Door de verordening zullen op Europees niveau op eenzelfde wijze als in
verschillende lidstaten (inclusief Nederland) de belangrijkste
precursoren worden geïdentificeerd. Hierbij zijn op zowel EU- als op
nationaal niveau alle relevante instellingen betrokken, zoals
deskundigen van de inlichtingen- en veiligheidsdiensten, politie,
forensisch experts en stoffendeskundigen, alsook private partijen die
deze chemicaliën produceren, leveren of verkopen. De Commissie heeft op
EU-niveau de ketens per precursor (van import / productie tot verkoop)
in beeld gebracht, waarbij de effectiviteit en proportionaliteit van de
maatregelen in verhouding tot de dreiging en risico’s worden bezien.
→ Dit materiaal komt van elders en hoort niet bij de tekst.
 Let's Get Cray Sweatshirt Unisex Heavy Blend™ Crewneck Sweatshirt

De in de ontwerp-verordening voorgestelde regelgeving en maatregelen
sluiten aan op het Nederlandse beleid. Nederland is verheugd over deze
ontwerp-verordening en kan deze in grote lijnen ondersteunen. De vrije
verkrijgbaarheid van dergelijke chemicaliën is aantoonbaar één van de
grootste veiligheidsrisico’s voor de EU. 

Gemengd Comité

Goedkeuring van de agenda

SIS II

- stand van zaken

Tijdens de JBZ-Raad op 7 oktober 2010 zijn Raadsconclusies met
betrekking tot het Schengen Informatie Systeem (SIS II) aangenomen. In
deze Raadsconclusies staat dat de Commissie de Raad en het Europees
Parlement op reguliere basis op de hoogte zal houden. De Commissie heeft
aangegeven de komende periode elke JBZ-Raad de stand van zaken aangaande
het project SIS II met de lidstaten te zullen bespreken.
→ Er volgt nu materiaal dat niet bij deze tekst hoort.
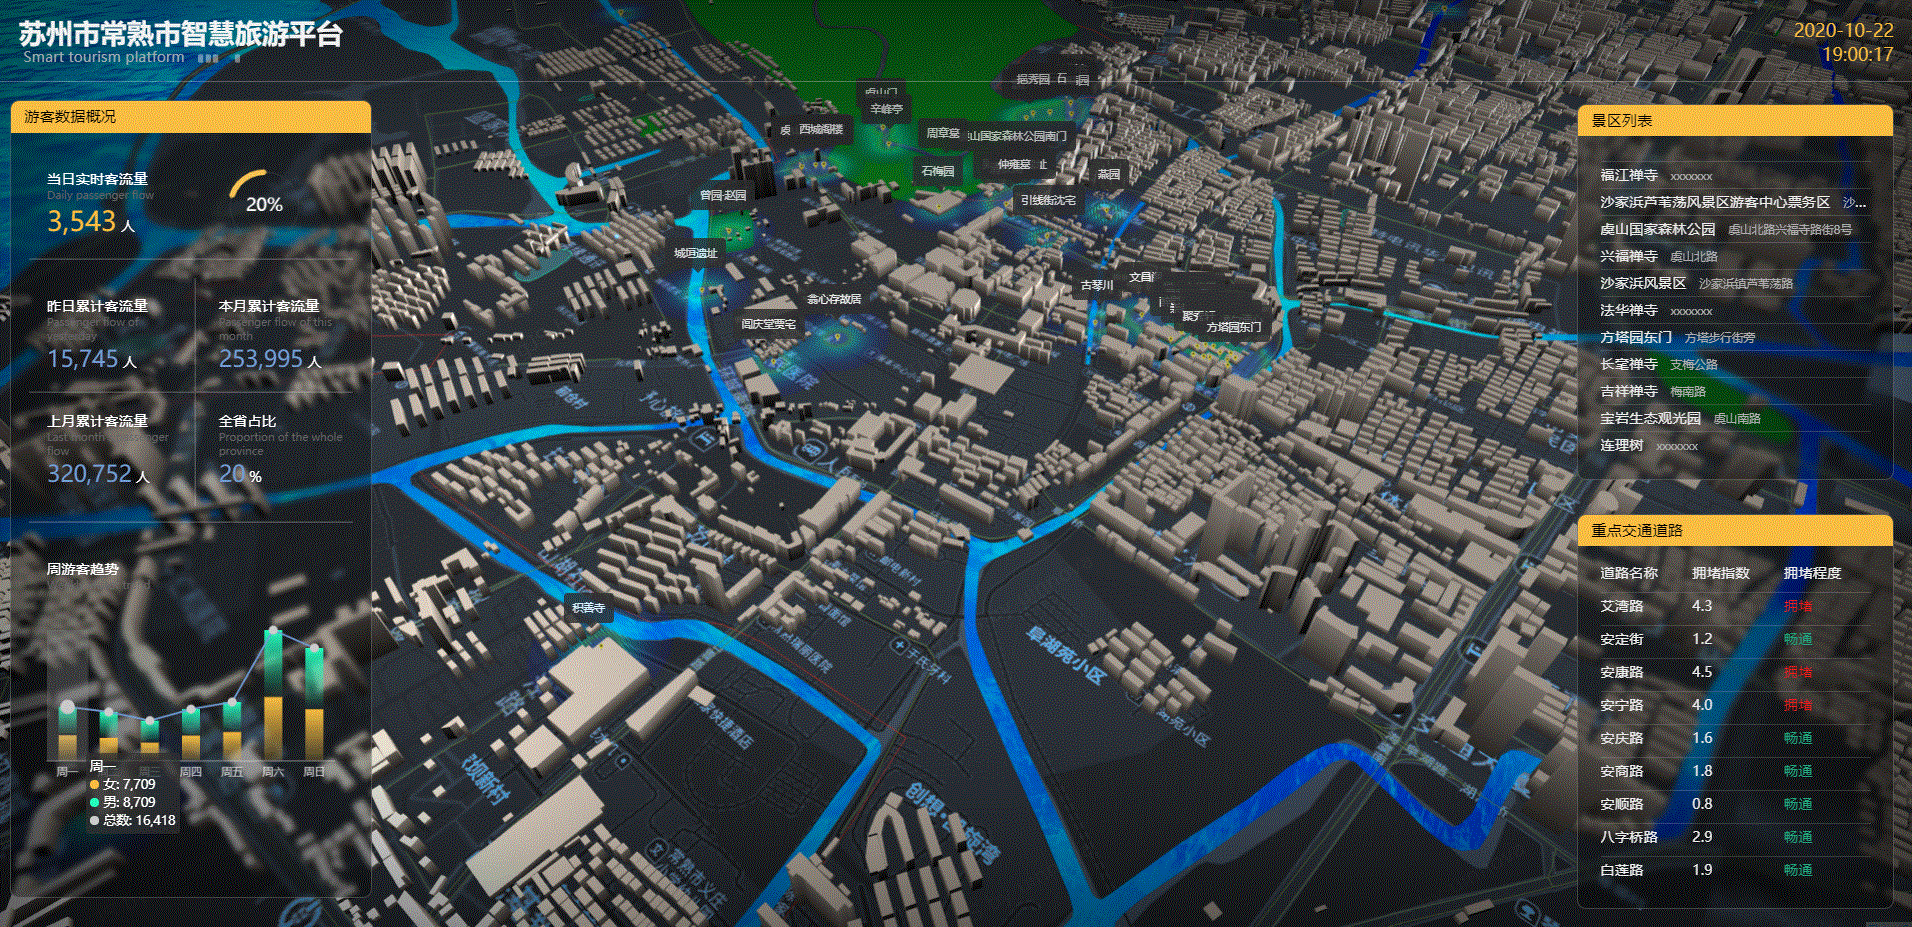 我的城市三维模型之技术实现,一文概括 !3d 地图  js

Naar verwachting zal de Commissie de lidstaten informeren over
de voortgang ten aanzien van het verruimen van de mogelijkheid voor
lidstaten om een beroep te doen op het EU-buitengrenzenfonds ten behoeve
van eventuele extra kosten die door lidstaten worden gemaakt.
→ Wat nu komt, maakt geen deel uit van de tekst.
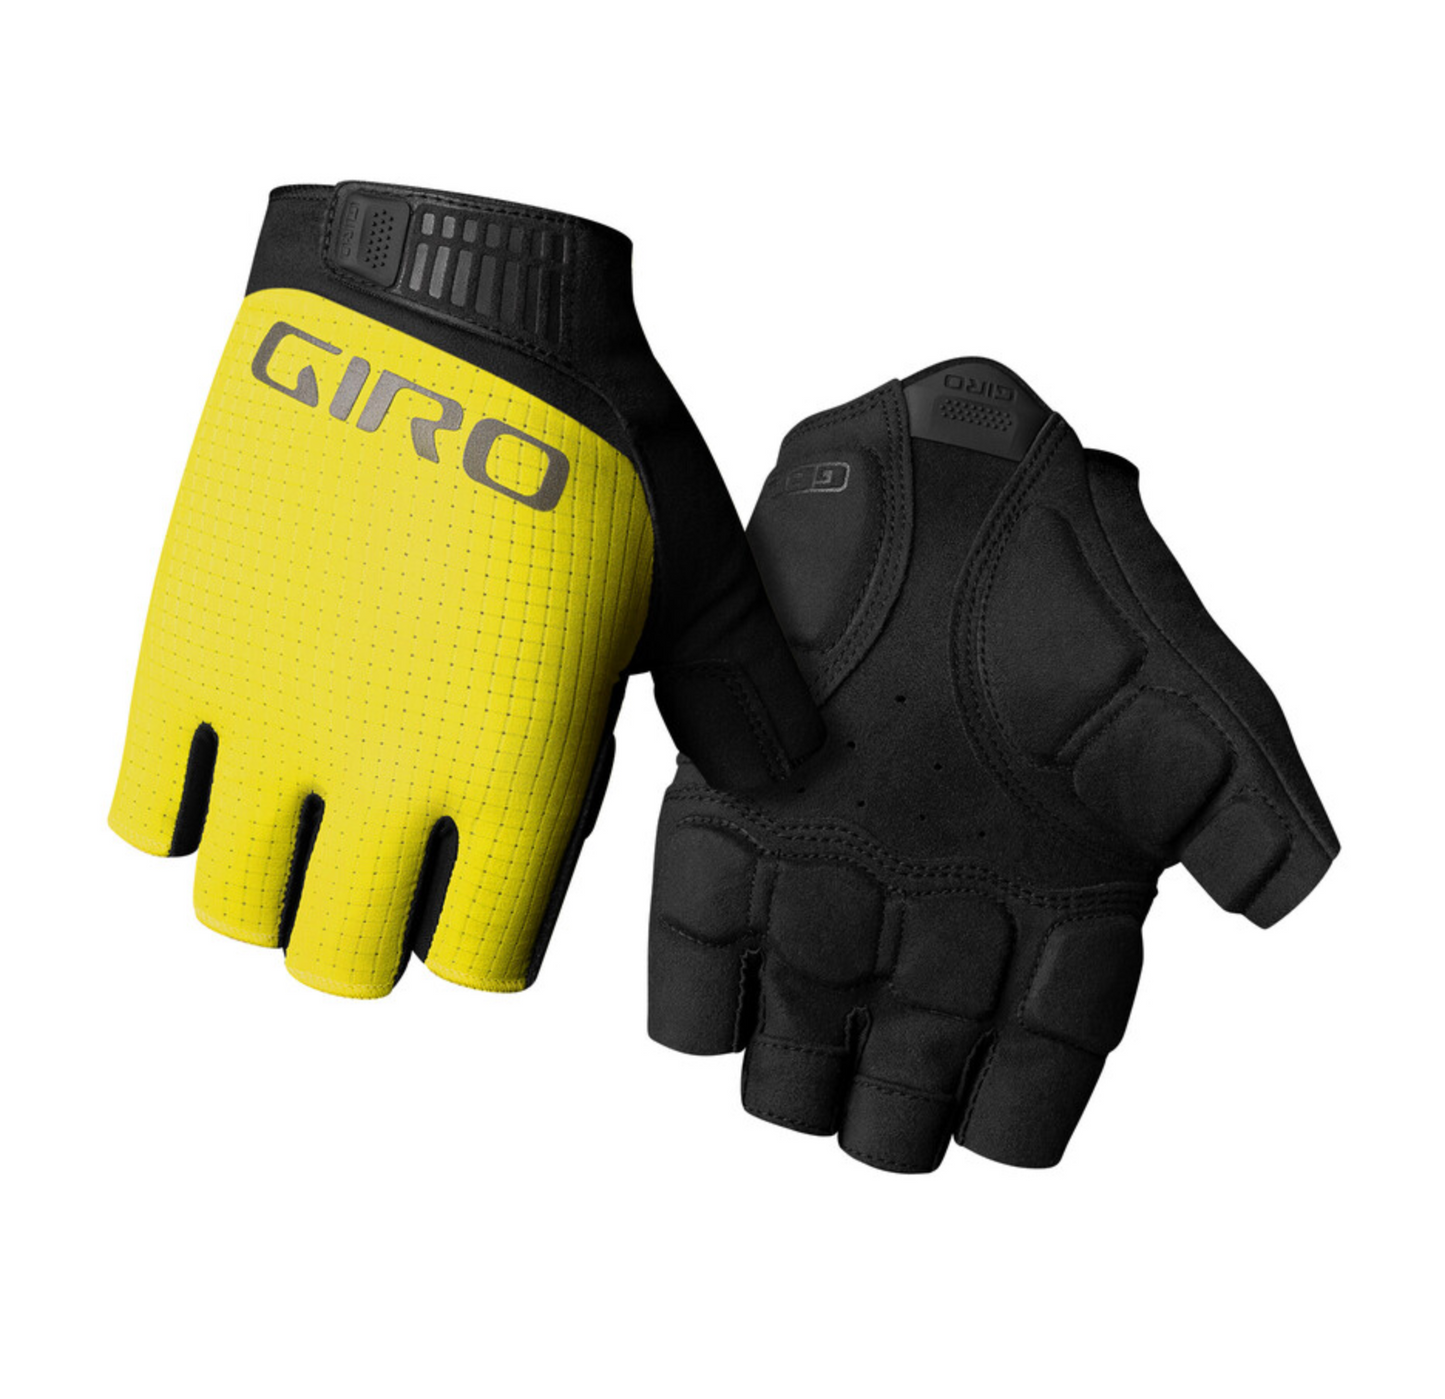 Giro Bravo II Gel Bicycle Glove

Wijziging van Verordening (EG) nr. 539/2001 tot vaststelling van de
lijst van derde landen waarvan de onderdanen bij overschrijding van de
buitengrenzen in het bezit moeten zijn van een visum en de lijst van
derde landen waarvan de onderdanen van deze plicht zijn vrijgesteld

Zie de annotatie bij de agenda van de Raad.

(evt.) Wijziging van Verordening (EG) nr. 2007/2004 tot oprichting van
een Europees agentschap voor het beheer van de operationele samenwerking
aan de buitengrenzen van de lidstaten van de Europese Unie (Frontex)

- stand van zaken

Zie de annotatie bij de agenda van de Raad.

(evt.) Wijziging van Verordening (EG) nr. 377/2004 van de Raad
betreffende de oprichting van een netwerk van
immigratieverbindingsfunctionarissen

- stand van zaken

Zie de annotatie bij de agenda van de Raad.

Zesde verslag van de Commissie aan de Raad en het Europees Parlement
betreffende de handhaving, door bepaalde derde landen, van de
visumplicht in strijd met het wederkerigheidsbeginsel

Verordening (EG) nr. 851/2005 van de Raad van 2 juni 2005 tot wijziging
van Verordening (EG) nr. 539/2001 bevat een wederkerigheidsmechanisme,
dat ten doel heeft door middel van passende maatregelen te zorgen voor
wederkerigheid ten aanzien van derde landen die voor een verblijf van
minder dan 90 dagen nog een visum verlangen van burgers van de
lidstaten, terwijl de betrokken EU-lidstaten een dergelijke visumplicht
niet meer opleggen aan de burgers van die derde landen. 

De Europese Commissie heeft op 10 januari 2006 een eerste verslag
aangeleverd over de ondernomen inspanningen ter opheffing van de
bestaande situaties van niet-wederkerigheid.

Tijdens de JBZ-Raad zal de Europese Commissie de Raad informeren over de
voortgang betreffende de situatie van (niet-)wederkerigheid.

Diversen

Er zijn nog geen onderwerpen voor dit agendapunt gemeld.

 5370/06 VISA 14 AUS 2 AMLAT 5 ASIE 1 CANADA 1 USA 4 COMIX 5 (NL).